With that said, it’s not clear that the Polymath community could have scaled up much further, even had it taken much longer for the problem to be solved, without significant changes to the collaborative design. The trouble with scaling conversation is that as the number of people participating goes up, the effort required to track the conversation also goes up. The result is that beyond a certain point, participants are no longer working on the problem at hand, but instead simply trying to follow the conversation (c.f. Brooks’ law). My guess is that Polymath was near that limit, and, crucially, was beyond that limit for some people who would otherwise like to have been involved. The only way to avoid this problem is to introduce new social and technical means for structuring the conversation, limiting the amount of attention participants need to pay to each other, and so increasing the scale at which conversation can take place. The trick is to do this without simultaneously destroying the effectiveness of the medium as a means of problem-solving.

(As an aside, it’s interesting to think about what properties of a technological platform make it easy to rapidly assemble and grow communities.

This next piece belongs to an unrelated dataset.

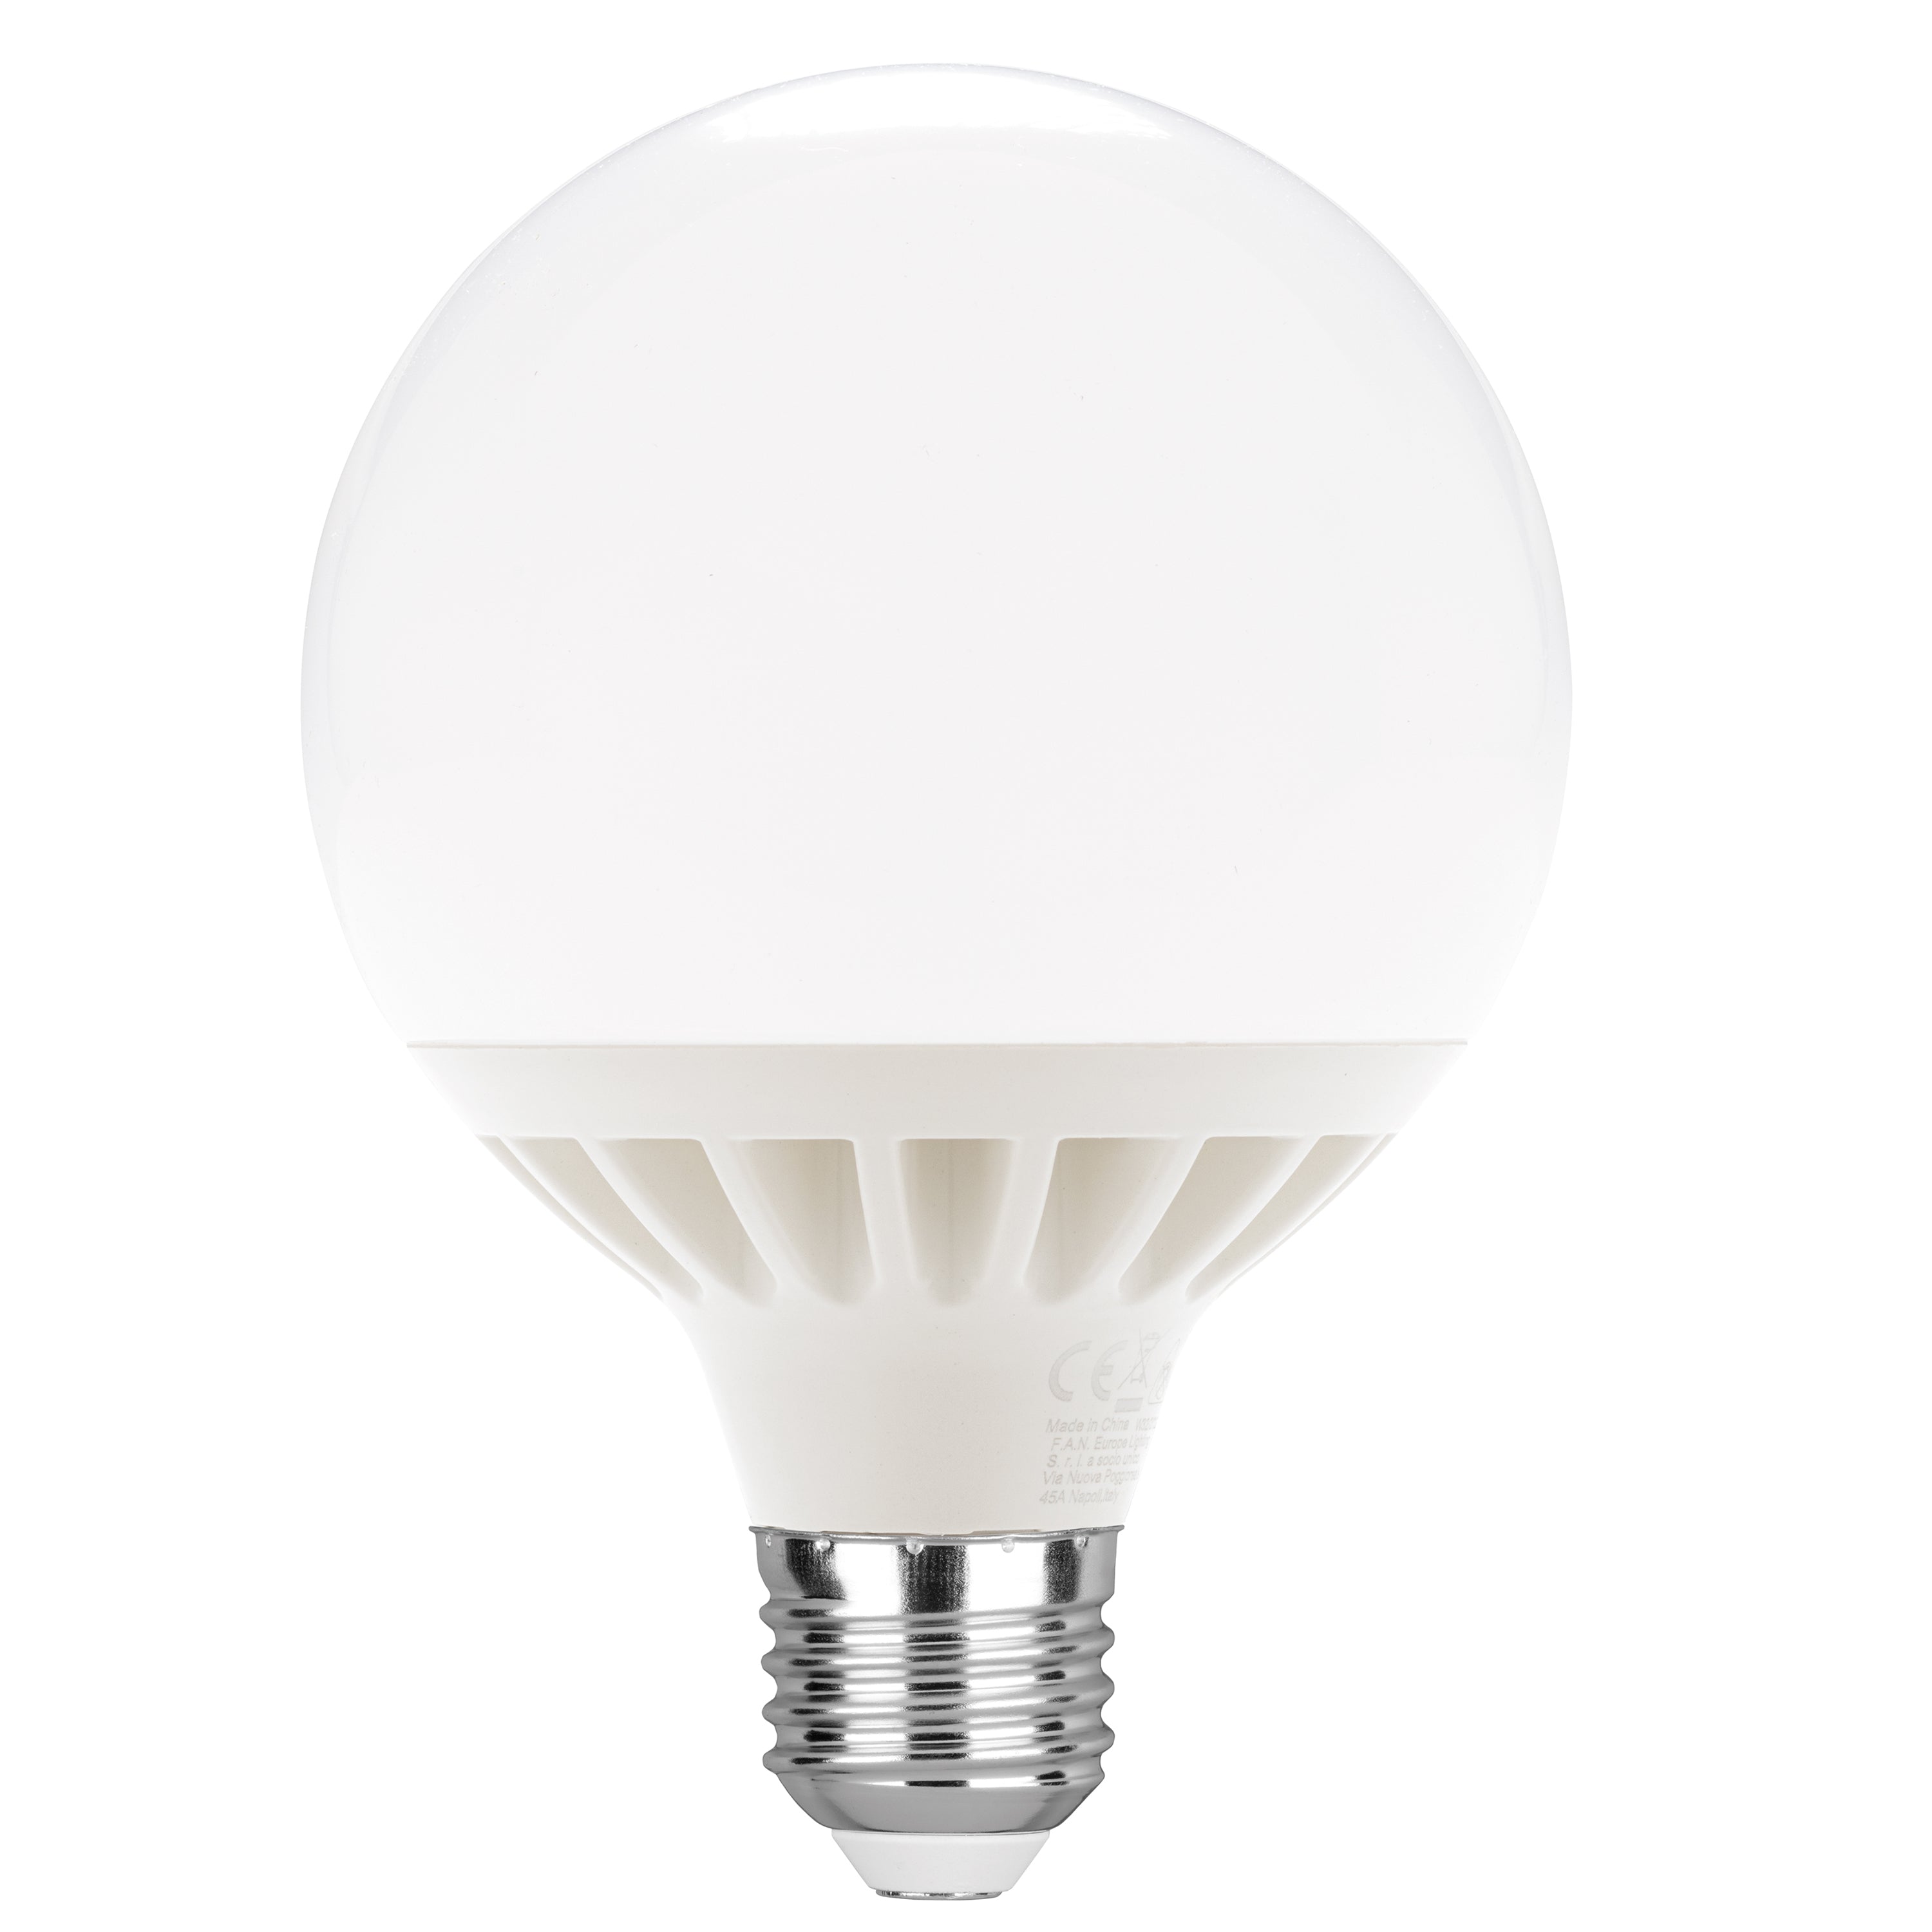 Lampada led a globo E27 18W con luce bianca calda o fredda

I’ve noticed, for example, that the communities in FriendFeed rooms can grow incredibly rapidly, under the right circumstances, and this growth seems to be a result of some very particular and clever features of the way information is propagated in FriendFeed. But that’s a discussion for another day.)

First, let me say what I think is the main rather general reason for the failure of Polymath1 to be genuinely massive. I had hoped that it would be possible for many people to make small contributions, but what I had not properly thought through was the fact that even to make a small contribution one must understand the big picture. Or so it seems: that is a question I would like to consider here.

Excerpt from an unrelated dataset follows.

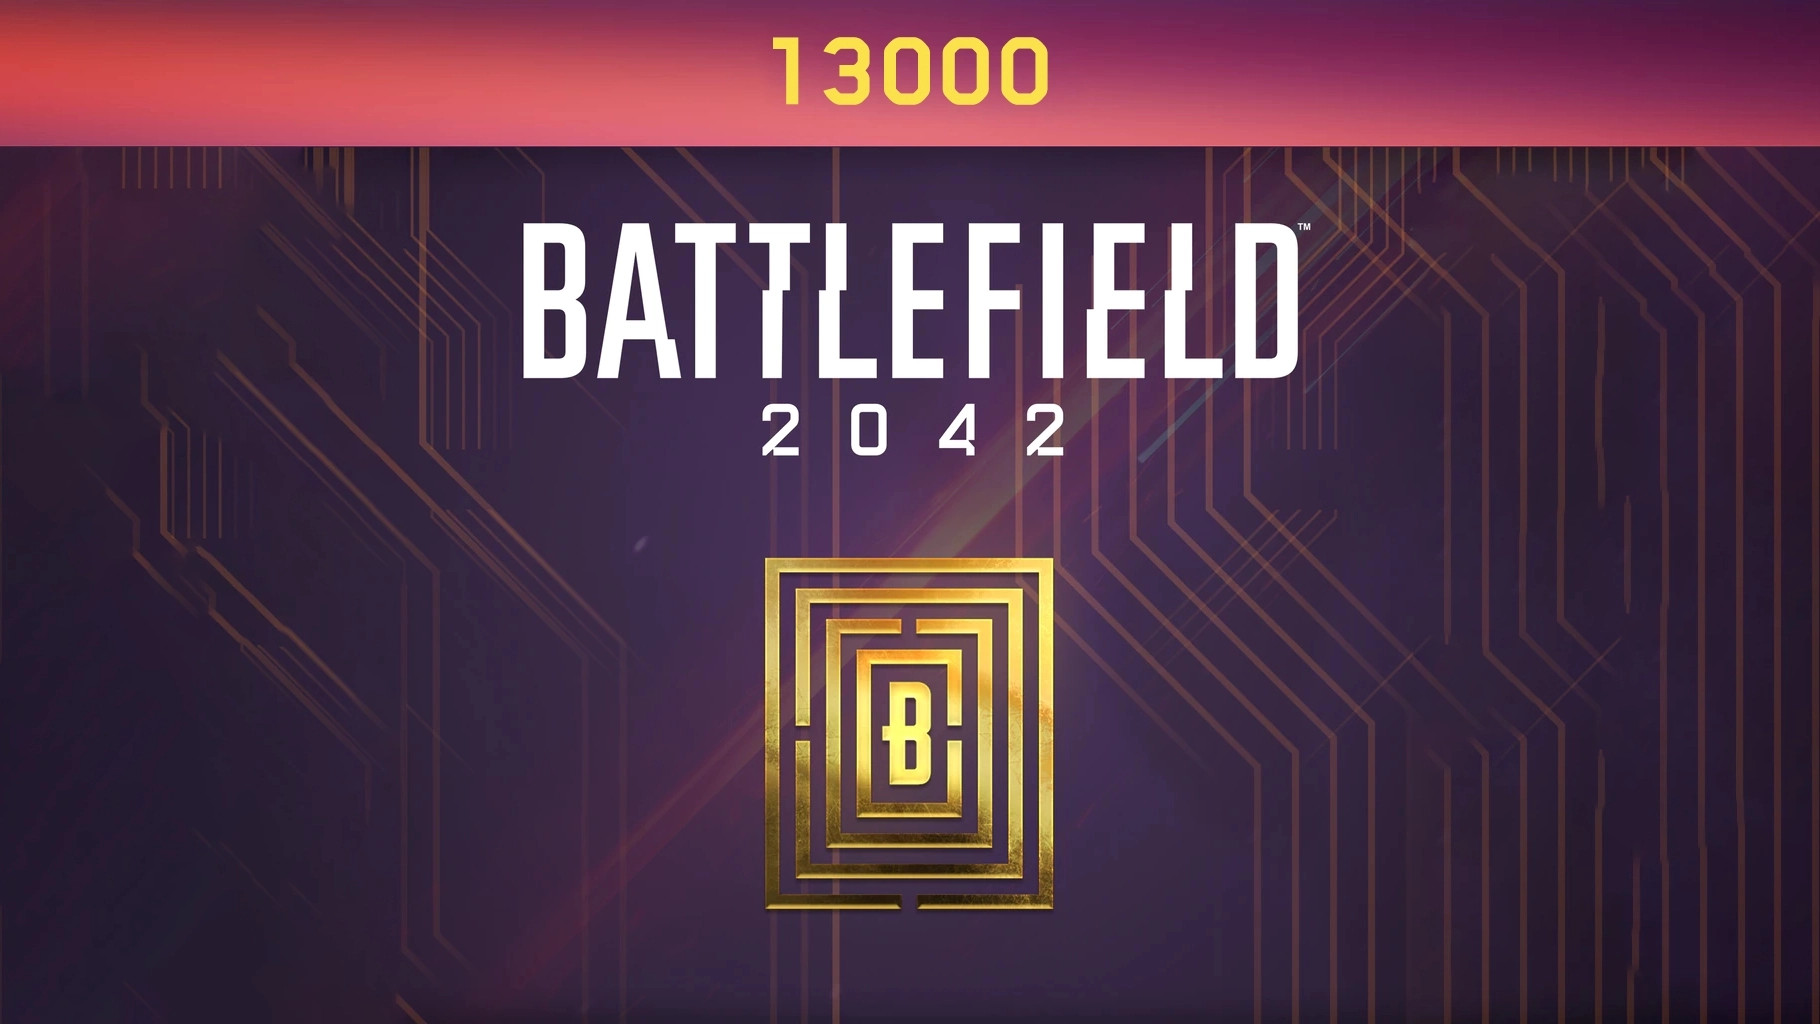 Battlefield 2042 - 13000 BFC Balance XBOX One / Xbox Series X|S CD Key $96.6

One thing that is undeniable is that it was necessary to have a good grasp of the big picture to contribute to Polymath1. But was that an essential aspect of any large mathematical collaboration, or was it just a consequence of the particular way that Polymath1 was organized? To make this question more precise, I would like to make a comparison with the production of open-source software (which was of course one of the inspirations for the Polymath idea). There, it seems, it is possible to have a large-scale collaboration in which many of the collaborators work on very small bits of code that get absorbed into a much larger piece of software. Now it has often struck me that producing an elaborate mathematical proof is rather like producing a complex piece of software (not that I have any experience of the latter): in both cases there is a clearly defined goal (in one case, to prove a theorem, and in the other, to produce a program that will perform a certain task); in both cases this is achieved by means of a sequence of strings written in a formal language (steps of the proof, or lines of code) that have to obey certain rules; in both cases the main product often splits into smaller parts (lemmas, subroutines) that can be treated as black boxes, and so on.

This makes me want to ask what it is that the producers of open software do that we did not manage to do.

Here’s two immediate thoughts inspired by that question, both of which are ways large open-source projects (a) reduce barriers to entry, and (b) limit the amount of attention required from potential contributors.

Clear separation of what is known from how it is known: In some sense, to get involved in an open source project, all you need do is understand the current source code. (In many projects, the code is modular, which means you may only need to understand a small part of the code.) You don’t need to understand all the previous versions of the code, or read through all the previous discussion that led to those versions. By contrast, it was, I think, somewhat difficult to follow the Polymath project without also following a considerable fraction of the discussion along the way.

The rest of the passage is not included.